To visualize our test data, I wrote a the following script using graphviz to create a chart. And my colleague Rowland add color to the graph so different node types will have different colors.
import json
import os
import uuid
from functools import lru_cache
from typing import Dict, List
import requests
import yaml
from graphviz import Digraph
def draw(nodes: List[Dict[str, str]], edges: List[Dict[str, str]], reverse=False):
dot = Digraph('g', filename='btree.gv',
node_attr={'shape': 'record'})
node_id_to_submitter_id = {}
for node in nodes:
submitter_id = node.get("submitter_id")
node_id = node.get("node_id")
suffix = f":{node['gencode_version']}" if node.get("gencode_version") else ''
if submitter_id and node_id:
node_id_to_submitter_id[node_id] = submitter_id + suffix
elif submitter_id:
node_id_to_submitter_id[submitter_id] = submitter_id + suffix
else:
node_id_to_submitter_id[node_id] = node_id + suffix
print(node_id_to_submitter_id)
for node in nodes:
n_id = node_id_to_submitter_id.get(node.get("node_id") or node.get("submitter_id"))
# print(n_id, node.get("submitter_id"), node.get("node_id"))
dot.node(n_id, fillcolor=get_color(node["label"]), style="filled")
for edge in edges:
src = node_id_to_submitter_id.get(edge["src"]) or edge["src"]
dst = node_id_to_submitter_id.get(edge["dst"]) or edge["dst"]
# print(src, dst, edge['src'], edge['dst'])
if reverse:
dot.edge(dst, src)
else:
dot.edge(src, dst)
return dot
def draw_yaml(yaml_raw):
try:
yaml_dict = yaml.load(yaml_raw)
except yaml.scanner.ScannerError:
yaml_dict = json.loads(yaml_raw)
return draw(yaml_dict['nodes'], yaml_dict['edges'])
def draw_url(url):
response = requests.get(url)
print(response.status_code)
return draw_yaml(response.content)
@lru_cache(maxsize=256)
def get_color(label: str) -> str:
label = str(uuid.uuid5(UUID_NAMESPACE, label))

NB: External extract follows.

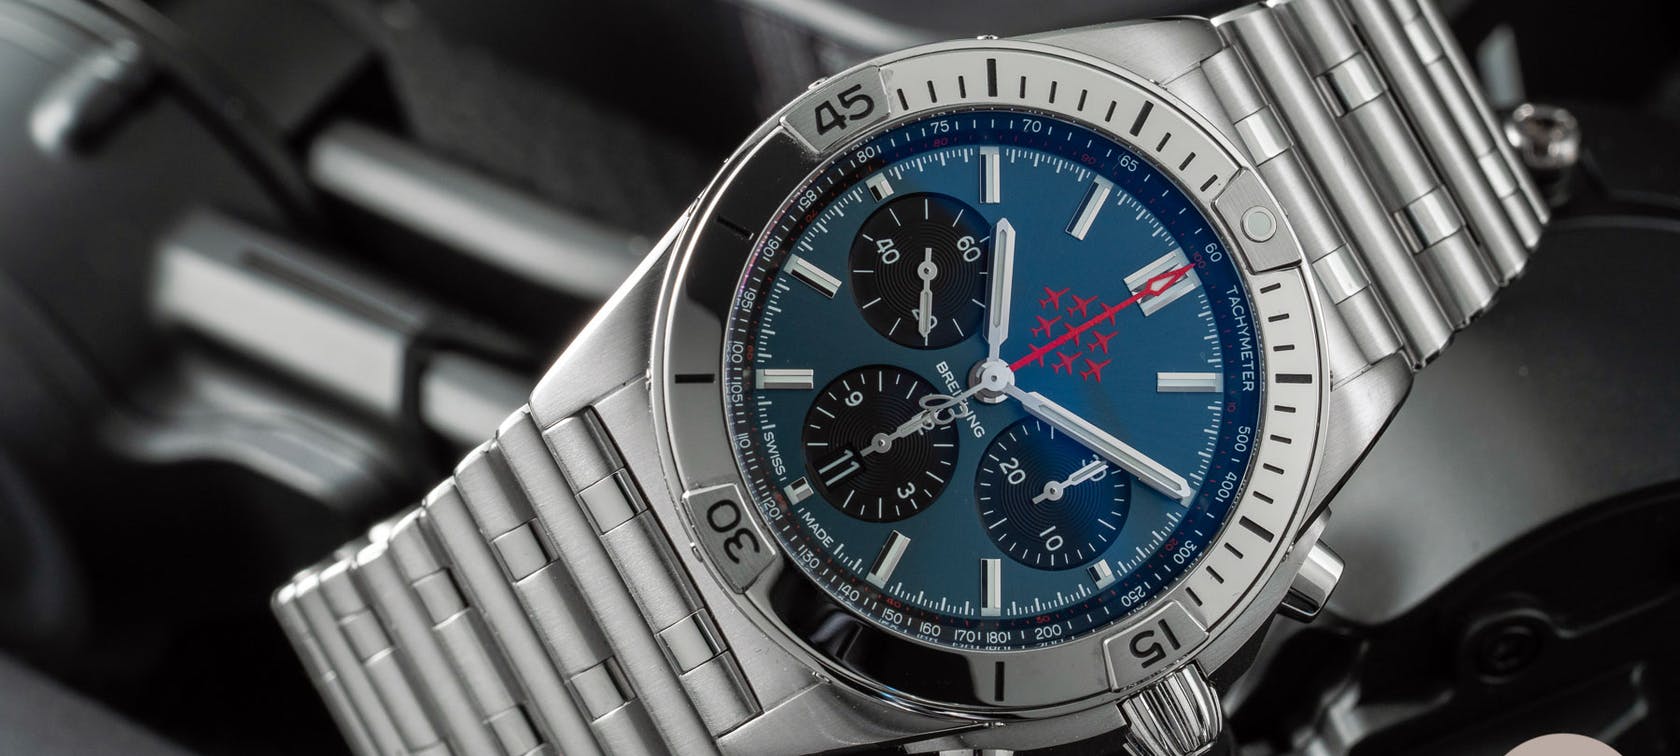 Five Most Underrated Luxury Watches That Deserve Your Attention
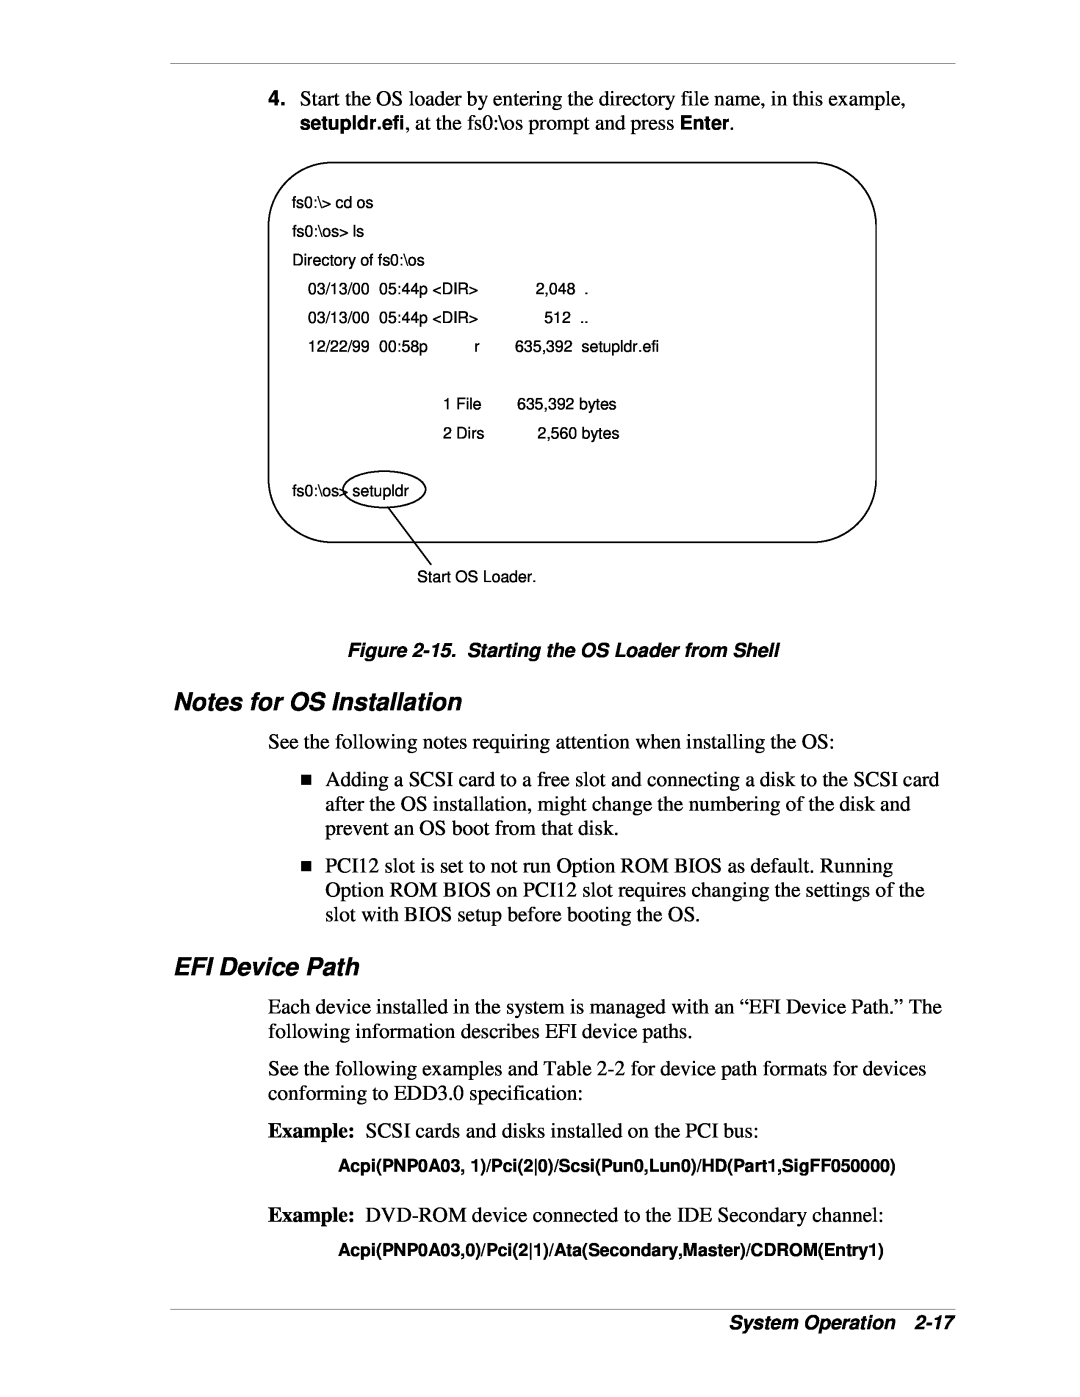 NEC 1080Xd manual Notes for OS Installation, EFI Device Path

label_color = hex(int("".join(map(str, map(ord, label)))) & 0x00FFFFFF)
return "#{:f<6}".format(label_color[2:])
UUID_NAMESPACE_SEED = os.getenv("UUID_NAMESPACE_SEED", "f0d2633b-cd8b-45ca-ae86-1d5c759ba0d1")
UUID_NAMESPACE = uuid.UUID("urn:uuid:{}".format(UUID_NAMESPACE_SEED), version=4)
It simply use dot.node(node_id)
to add a node to the chart and dot.edge(src_node_id, dest_node_id)
to add an edge to the chart.
Now the data above will be converted to the following chart:
This is much easier for developers to analyze the data and understanding the relationships between the nodes and edges in the data.
If the above example is not strong enough. Here is another picture. With so many nodes, it will be almost impracticle to understand and remember all the relationships by only reading the yaml file.
This tool has made our developer work much more joyful.